Tips for the best Sticky Toffee Pudding
- Be sure to leave a little bit of liquid when softening the dates. This helps emulsify the dates in a blender or food processor. If you find that too much liquid has been cooked out, add 2 tablespoons to the dates and blend smooth. I find it helps to dice up the dates before softening.
- Do not substitute out for different sugars. Typically, this is OK to do, however, for this particular recipe, the specified sugars lend best to the overall depth of the flavor profile.
- Heavy cream is a must in developing the toffee sauce. Because it is a full fat cream this helps bring the sauce together.

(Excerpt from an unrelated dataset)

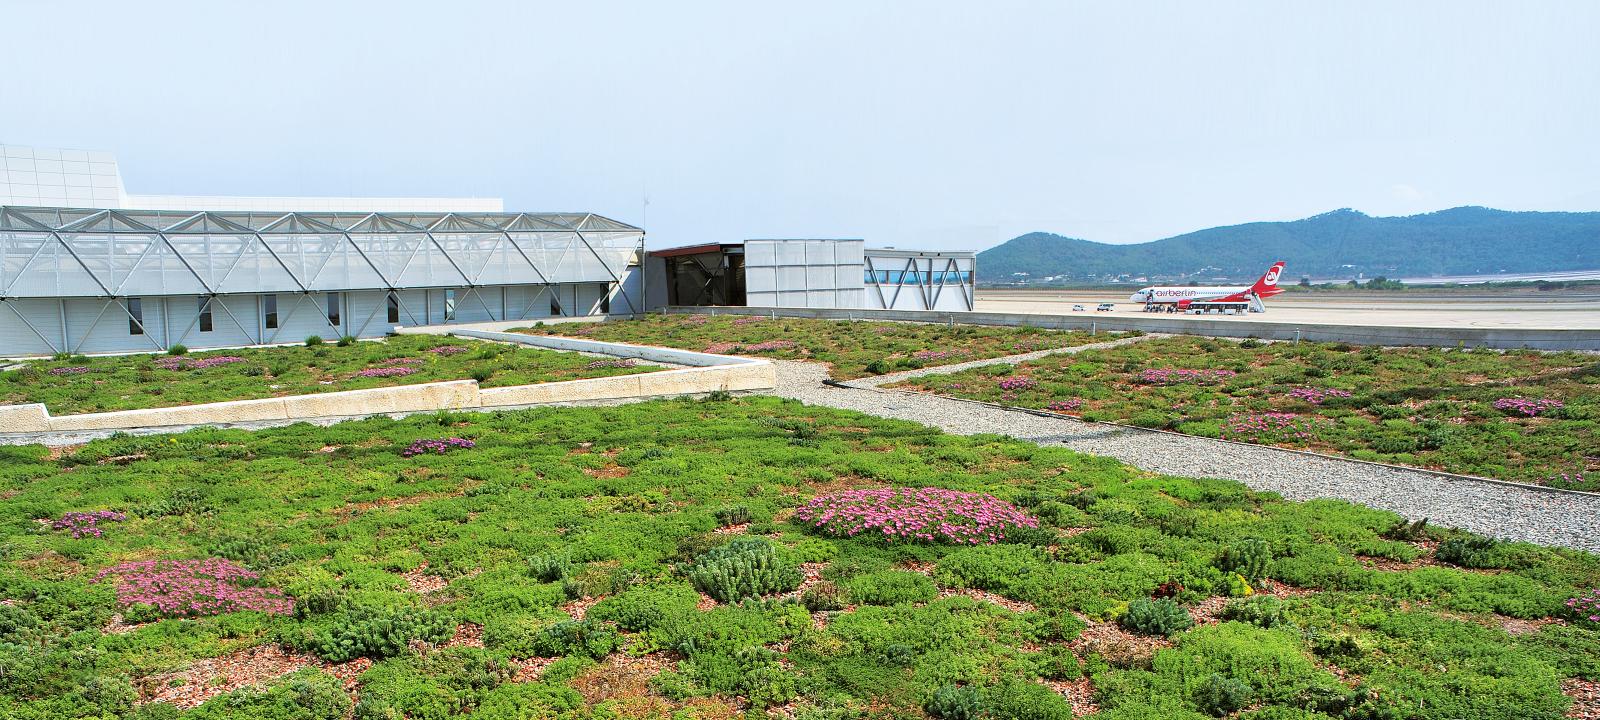 Vista parcial de la cubierta con la plantación de tipo extensiva.

- Before taking the cakes out of the oven, ensure that they are done baking. To do this, use a toothpick to test the center of the cakes. If there is still wet batter, allow to cook for another 90 seconds at a time until the center is cooked through. If the center of the cake is not fully cooked, the center of the cake may fall after it is removed from the oven.

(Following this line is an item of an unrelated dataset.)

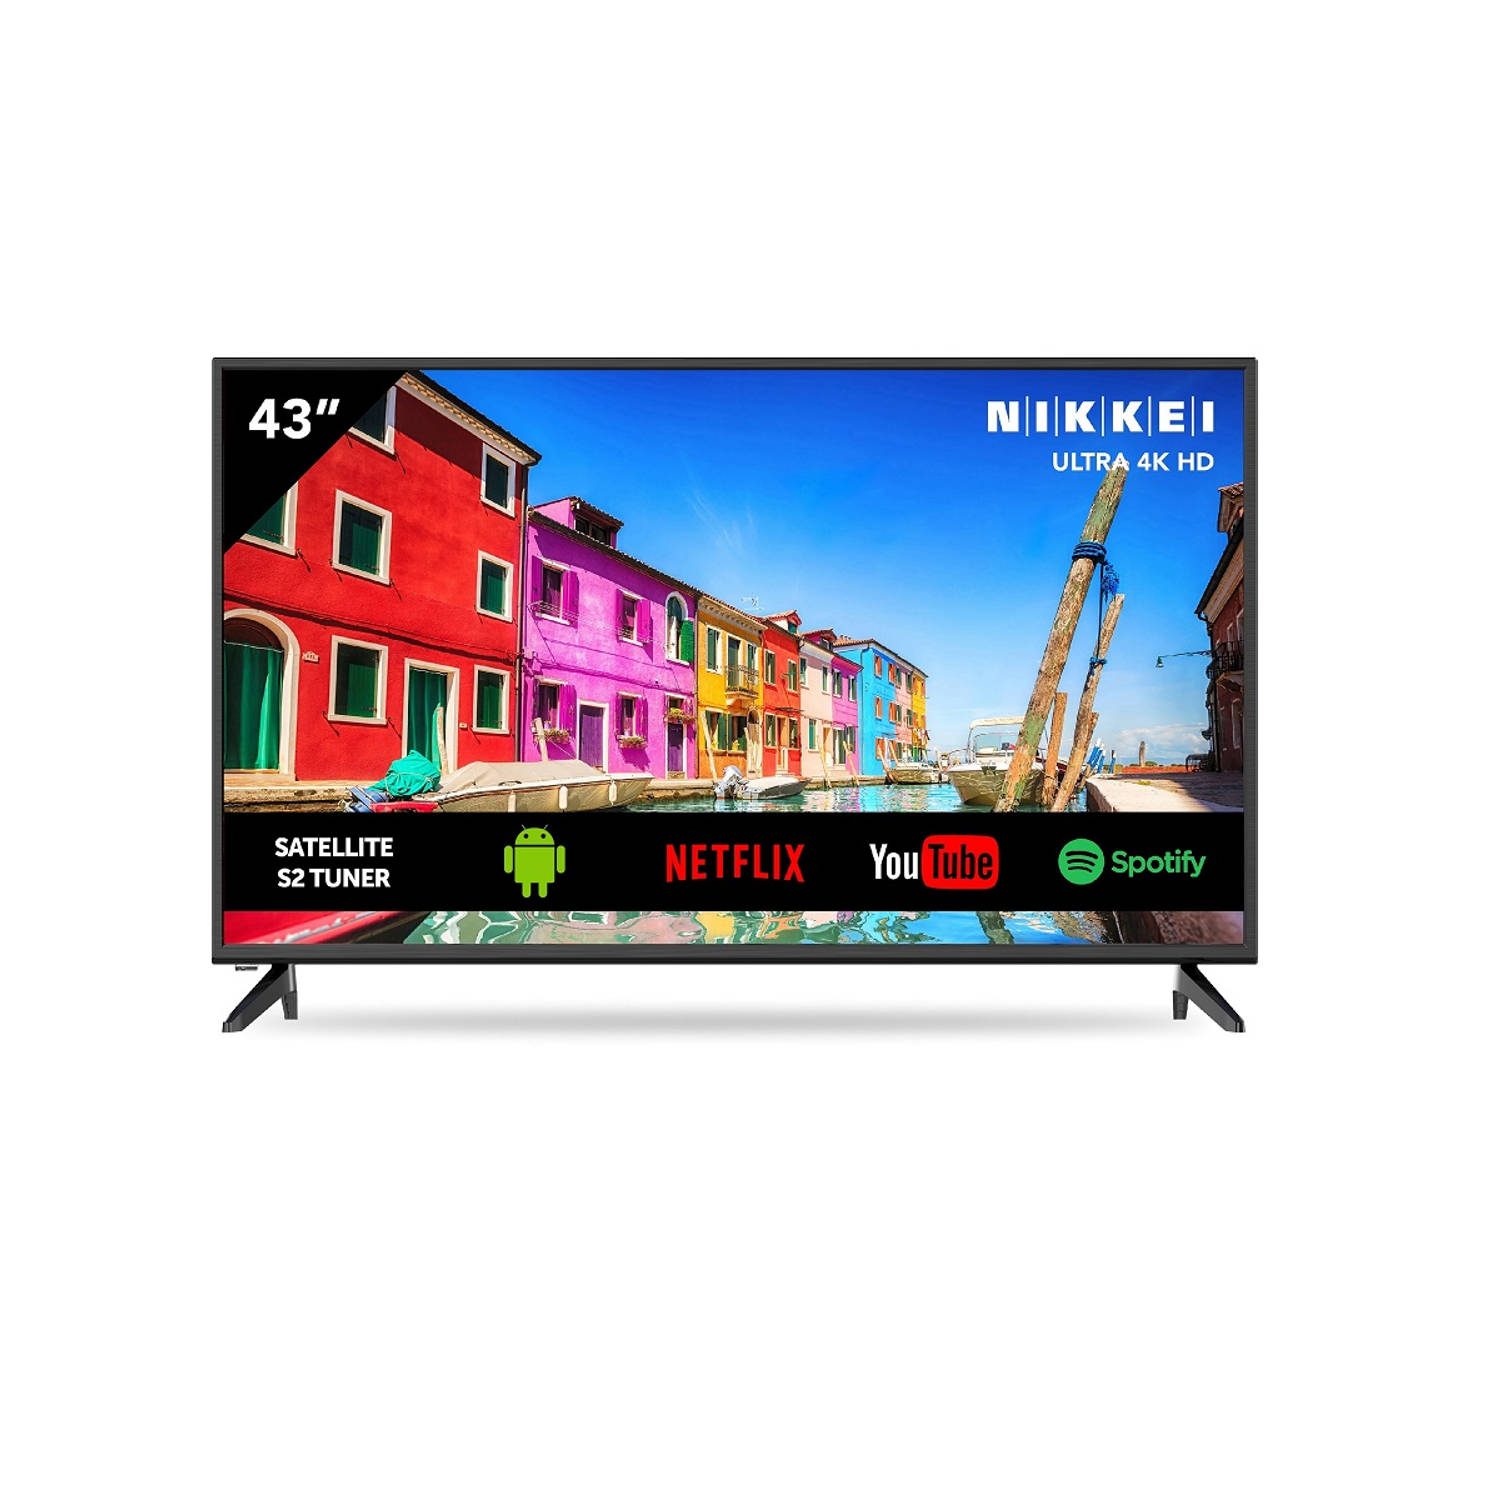 Nikkei Nu4318s Ultra Hd/ 4k 43 Inch Smart Tv aanbieding

- Allow to cool for roughly 15 minutes before serving.
- Feel free to use a toothpick to poke some hole in the top of the cake to allow the homemade toffee sauce to seep deeper into the cake.
- There are several different ways to enjoy this – as is, with a dollop of whipped cream, with a scoop of vanilla ice cream, or even a drizzle of heavy cream (a traditional English finish) or any other way you think would be incredible!
- Beware – you will want to drink the sauce with a straw. I only recommend this AFTER you have enjoyed your sticky toffee pudding! 😉
- Date Cake
- 8 pitted and diced Medjool Dates
- 1 cup water
- 3/4 cup plus 2 tablespoons flour
- 1 teaspoon baking powder
- 1/4 teaspoon baking soda
- 1/8 teaspoon salt
- 4 tablespoons unsalted butter, softened
- 3/4 cup light brown sugar
- 1 large egg
- 1 teaspoon vanilla
- Toffee Sauce
- 1 cup heavy cream
- 1 cup dark brown sugar
- 1/2 cup unsalted butter
- small pinch of salt
- 1 teaspoon quality pure vanilla extract
- DATE CAKE
- Preheat oven to 350*F
- Prepare ramekins by lightly spraying them, place on cookie sheet and set aside
- In a medium bowl, combine the flour, salt, baking soda, baking powder then, whisk together and set aside
- Next, over medium heat in a small sauce pan add the diced dates and water
- Stir occasionally and allow most - but not all of the water to evaporate - leave about 2 tablespoons of liquid with the dates
- Then, add dates and remaining liquid to a food processor or blender and purée until mostly smooth
- In a stand mixer, cream together sugar and butter until light and fluffy
- Add egg and vanilla and combine thoroughly
- Add the date purée and mix until well incorporated
- Next, gradually add the dry ingredients and mix until just combined
- Evenly distribute batter between 4 large or 6 small prepared ramekins
- If using 4 large ramekins - 350*F for 30 minutes
- If using 6 small ramekins - 350*F for 20-22 minutes
- Before removing from the oven, check the center of the cake with a toothpick. When it comes out clean it can be removed. If removed too early the center of the cake may fall.
- TOFFEE SAUCE
- While the cake is baking, add sugar, butter, and salt to a medium sauce pan
- Over medium heat allow butter and sugar to full melt together - do not stir frequently, allow the ingredients to meld together in the pot mostly untouched
- Once the sugar has melted, turn off the burner and slowly whisk in the cream and add vanilla
- When the cream has fully incorporated move the sauce to a cool burner and allow to sit until ready to serve
This can also be made in an 8x8 pan. If deciding to use a cake pan, bake at 350*F for roughly 35 minutes or until a toothpick comes out of the center of the pan clean.
Nutrition Information:Yield: 6 Serving Size: 1
Amount Per Serving: Calories: 714Total Fat: 41gSaturated Fat: 25gTrans Fat: 1gUnsaturated Fat: 14gCholesterol: 148mgSodium: 369mgCarbohydrates: 87gFiber: 2gSugar: 80gProtein: 4g
The nutritional values above are auto calculated by a nutrition program and can vary based on brands of ingredients used. We cannot guarantee their total accuracy.